The explosion in the availability of data and the creation of data is going to be transformative, perhaps more than the wired Internet. Realtime information from our friends, neighbors and sensors will allow us to be more efficient and avoid a lot of everyday annoyances.
There are challenges:
- Network quality — Wireless networks in the U.S. aren’t nearly as fast or reliable as networks in the rest of the developed world. I’ve got a love/hate relationship with my iPhone. I love it works and hate it when I can’t use it because of network issues.
- Filtering and alerting — With all of the content that is being created through mobile devices (tweets, photos, videos, etc.) sorting through it all to find what’s important is becoming a big problem and the tools that we have today are crude at best.

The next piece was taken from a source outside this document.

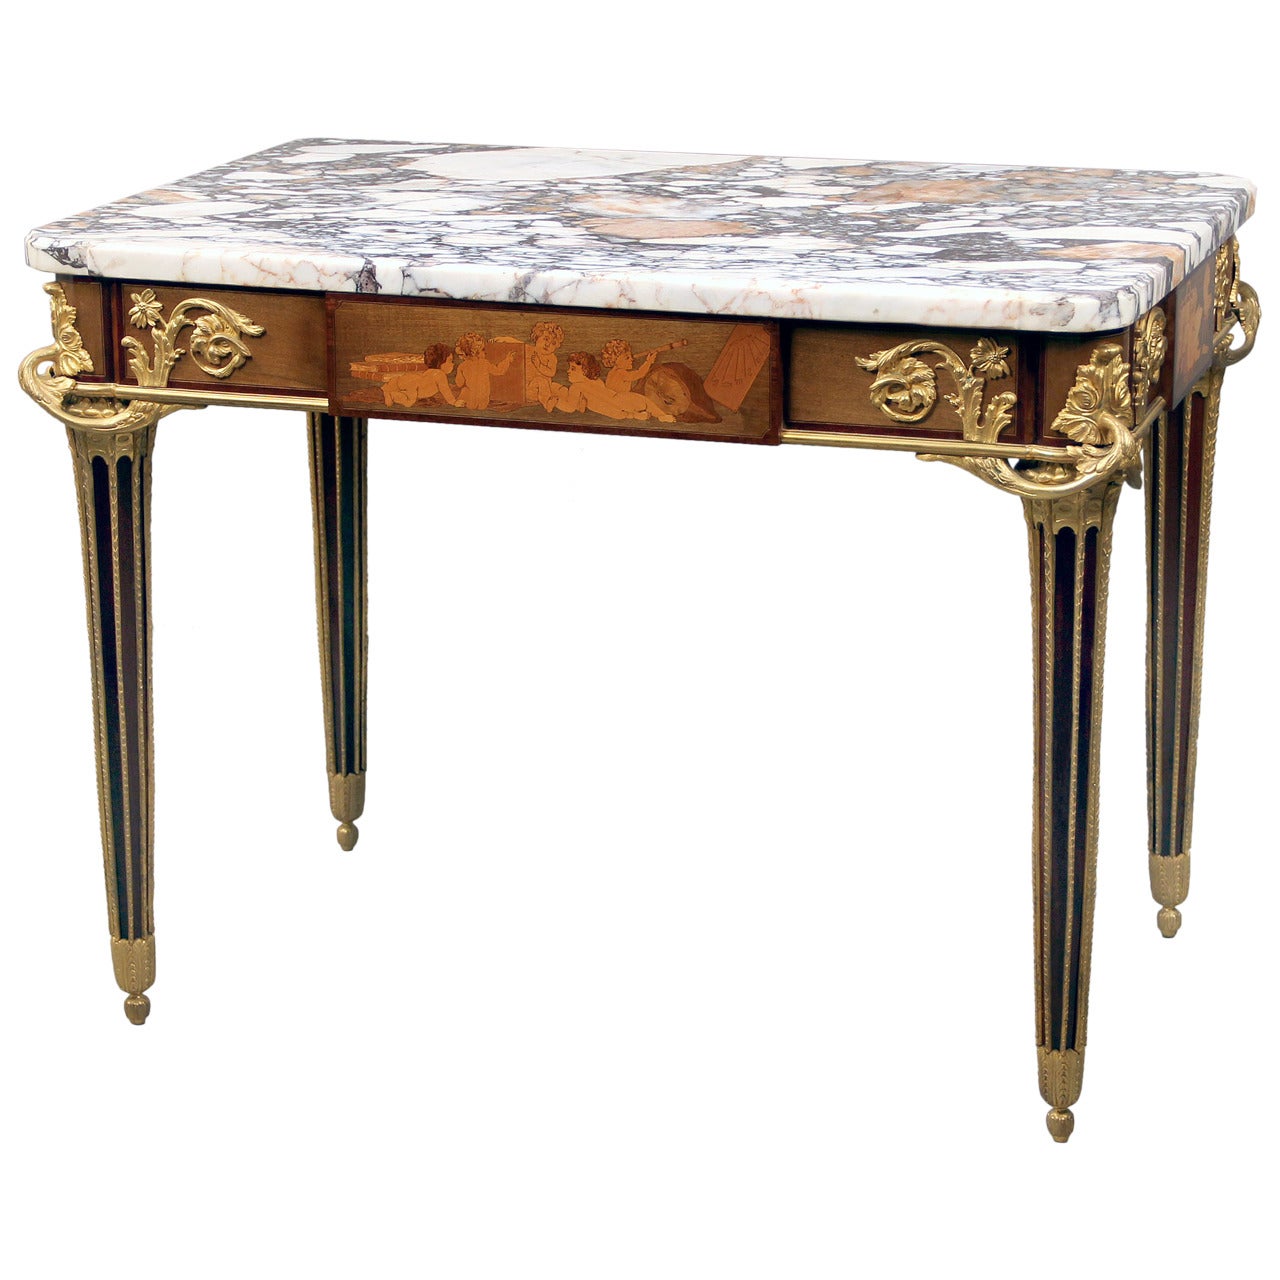 Exceptional Late 19th Century Gilt Bronze-Mounted Marquetry Center Table

- Platform overload — There are too many mobile platforms today. Developers have to choose among iPhone, Blackberry, Windows Mobile, Palm, Symbian. And that’s just the smartphones. It’s just not cost effective to develop for everything.
My new blog, at redesignmobile.com, will look at interesting (good and bad) applications of mobile technology and the good and bad of mobile user interfaces. If you have an application you’d like me to take a look at, please drop me a line.
This blog will continue to be an eclectic mix of pieces on social networking, search and media. I will also crosspost mobile-related posts for the near future.